The Roger Ailes story got seedier and more sensational: Gretchen Carlson will get an 8-figure settlement because she had been taping her interactions with Ailes for more than a year.
Great report on how ISIS uses the "deep web" for propaganda.
That Stanford swimmer convicted of assault with attempt to rape, the one whose six-month sentence seemed so outrageously light three months ago -- he's free. He got out early for good behavior.

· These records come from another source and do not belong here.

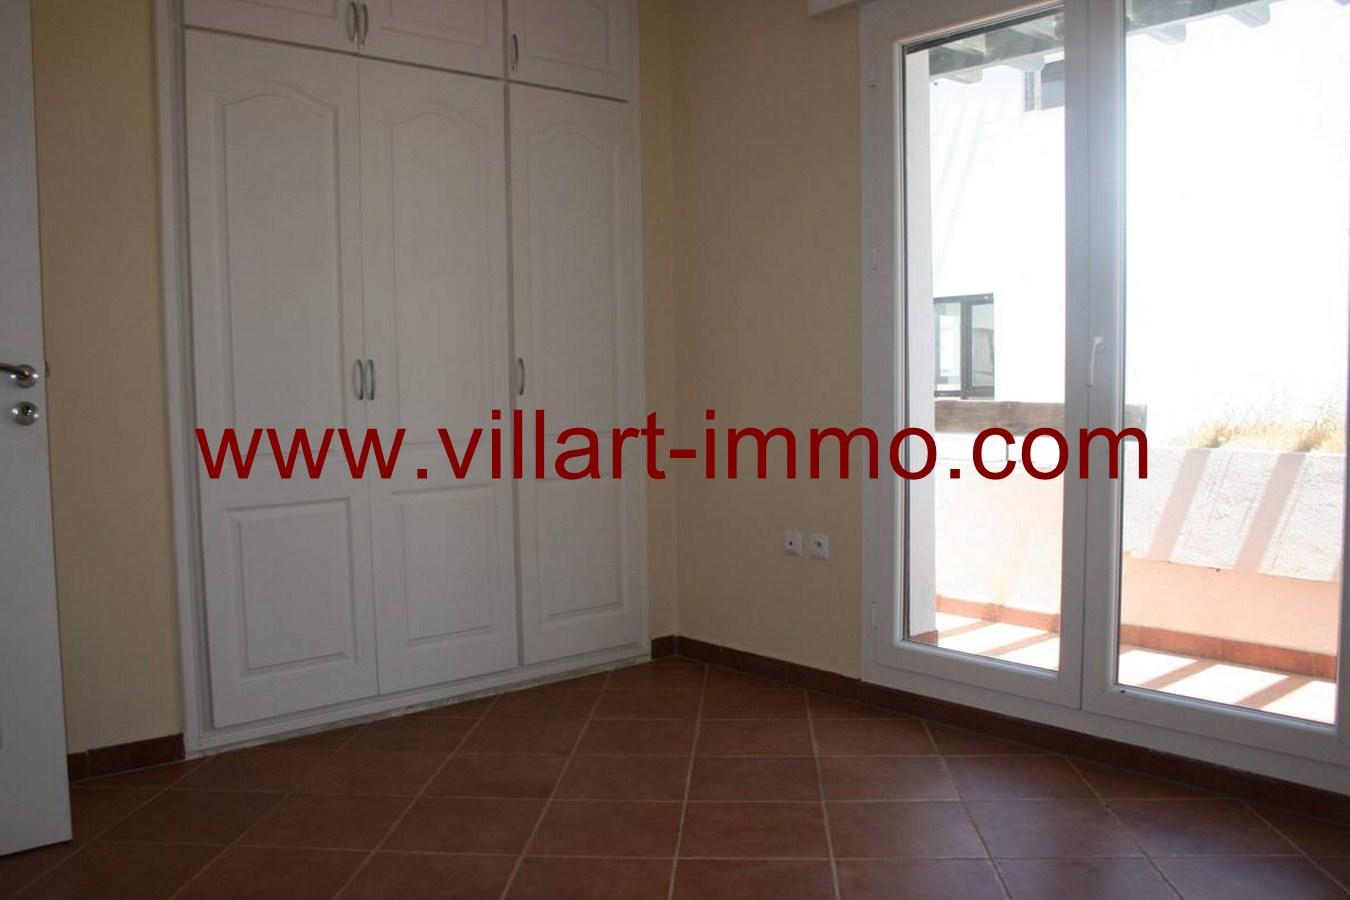 3-vente-appartement-tanger-malabata-chambre-1-va453-villart-immo
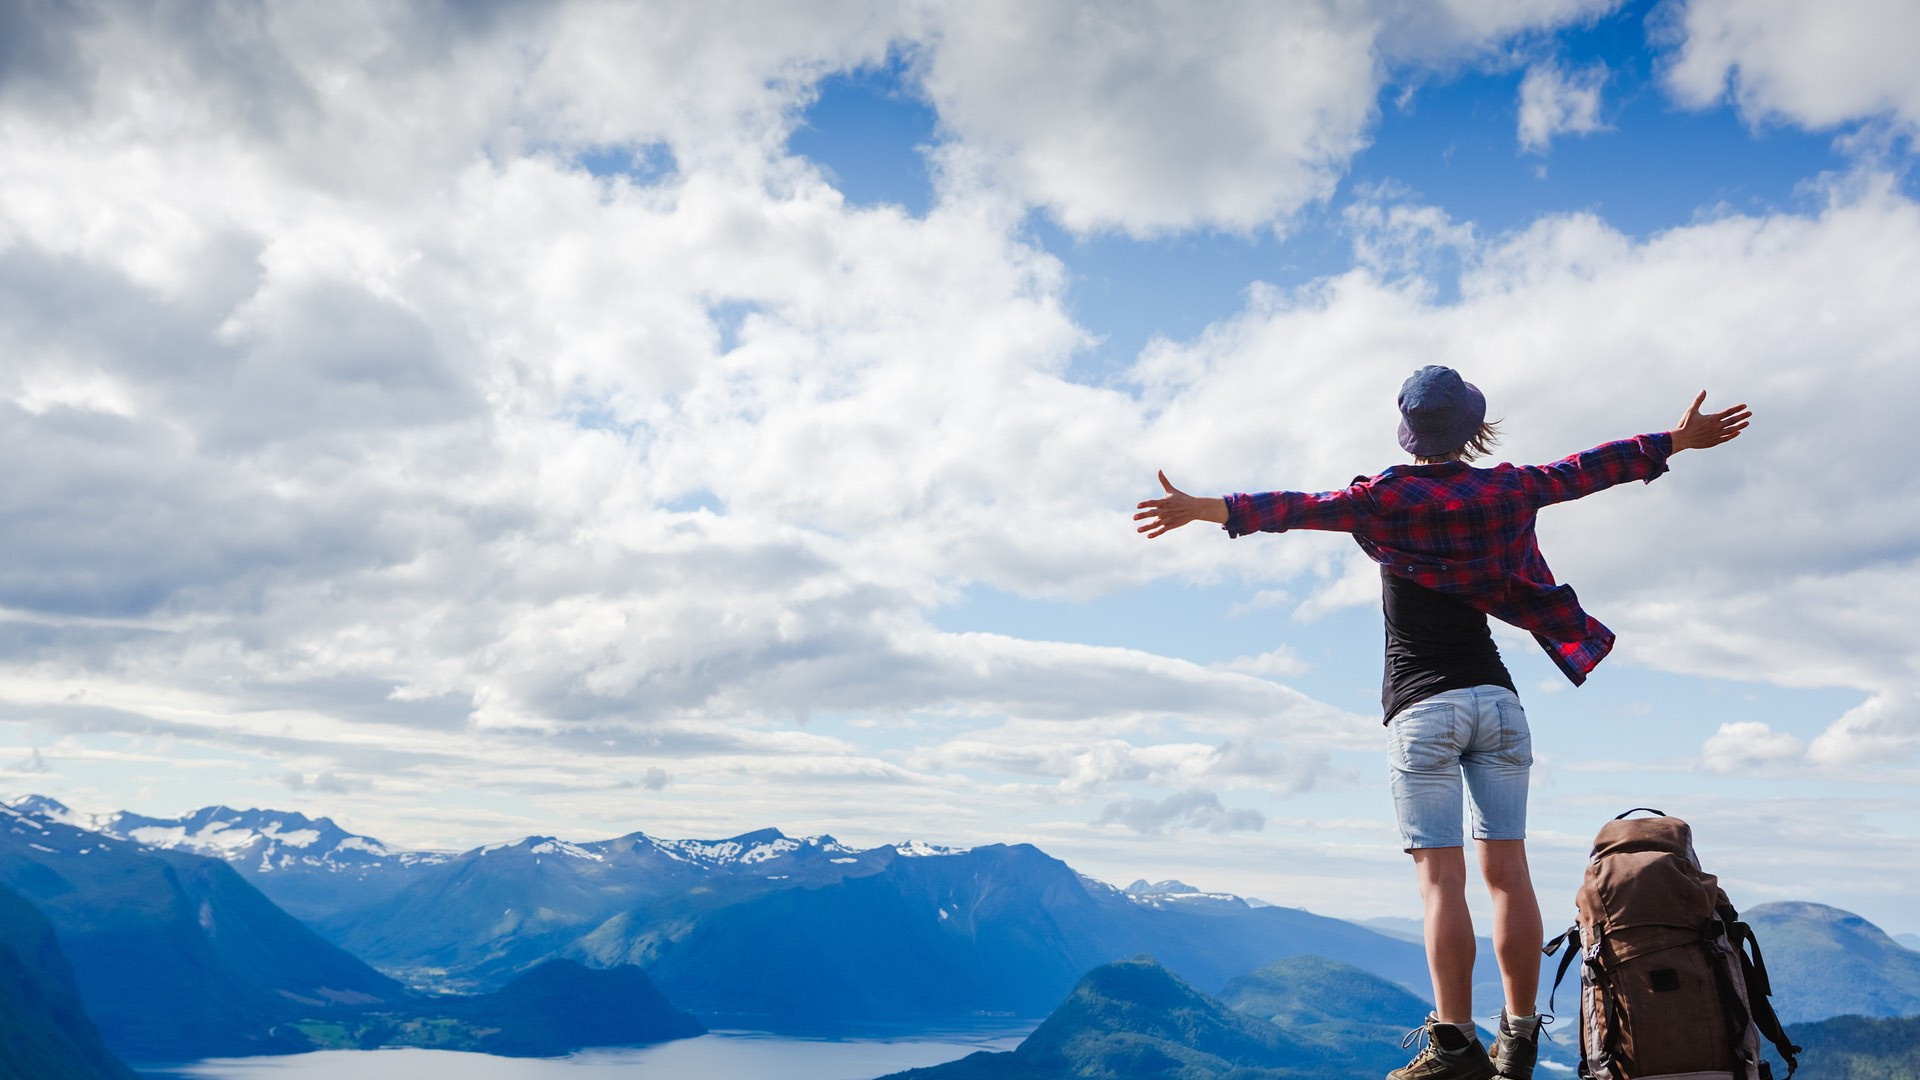 Glückliche Bergsteigerin | ©Olga Danylenko/Shutterstock.com
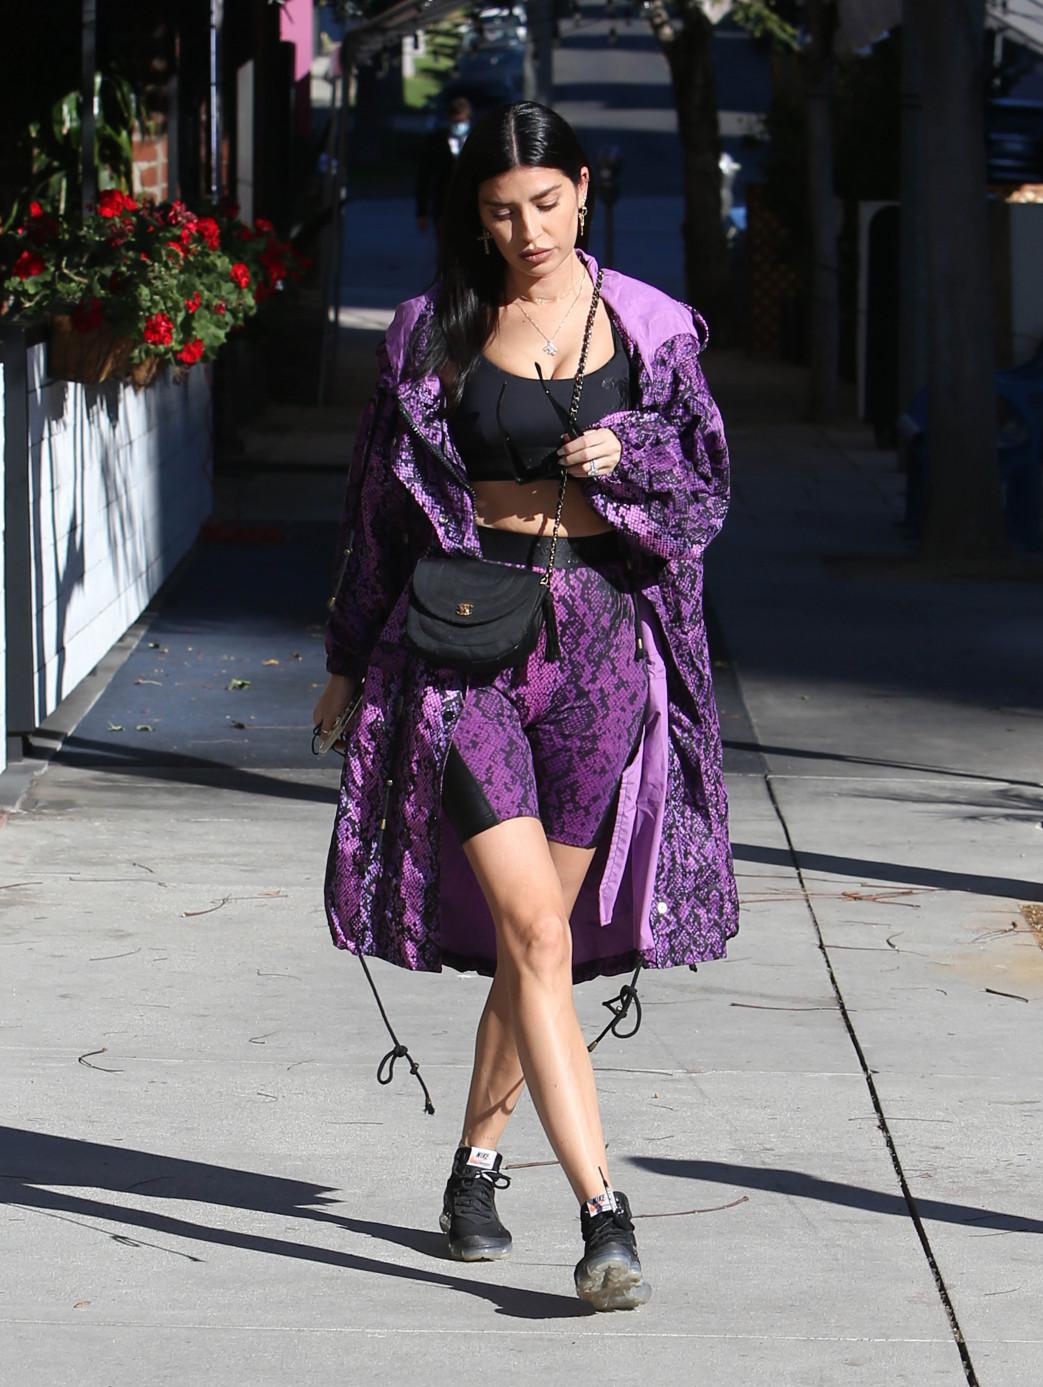 Nicole-Williams-Cameltoe-In-Purple-Tights-7.jpg

This case is depressing for a lot of reasons. Rape and sexual assault are usually hard charges to prove, because often the physical evidence could be explained by consensual sex and there aren't any corroborating witnesses. (In cases like this, where the woman was unconscious or nearly unconscious, even she may not be a convincing witness.) But this one time justice got lucky: Two good samaritans interrupted the crime, captured the guy, delivered him to police, and testified at the trial. So unlike the majority of guys who do things like this, he got tried and convicted ... and served three months. I'm sure that totally ruined his summer.
When a type of criminal is hard to catch or convict, the law can maintain deterrence by increasing penalties. ("You may think you'll get away with this, but if you're wrong ...") That's why, for example, horse-stealing was a hanging offense in the old West. But if you're unlikely to get convicted, and even if you do you'll barely be punished, what kind of deterrence is that?
A training video for dealing with white fragility in the workplace. Do your white employees and co-workers face the trauma of being called racists just because they do something racist? Or the embarrassment of seeing evidence of their white privilege? Some simple understanding and compassion from non-whites could prevent this suffering.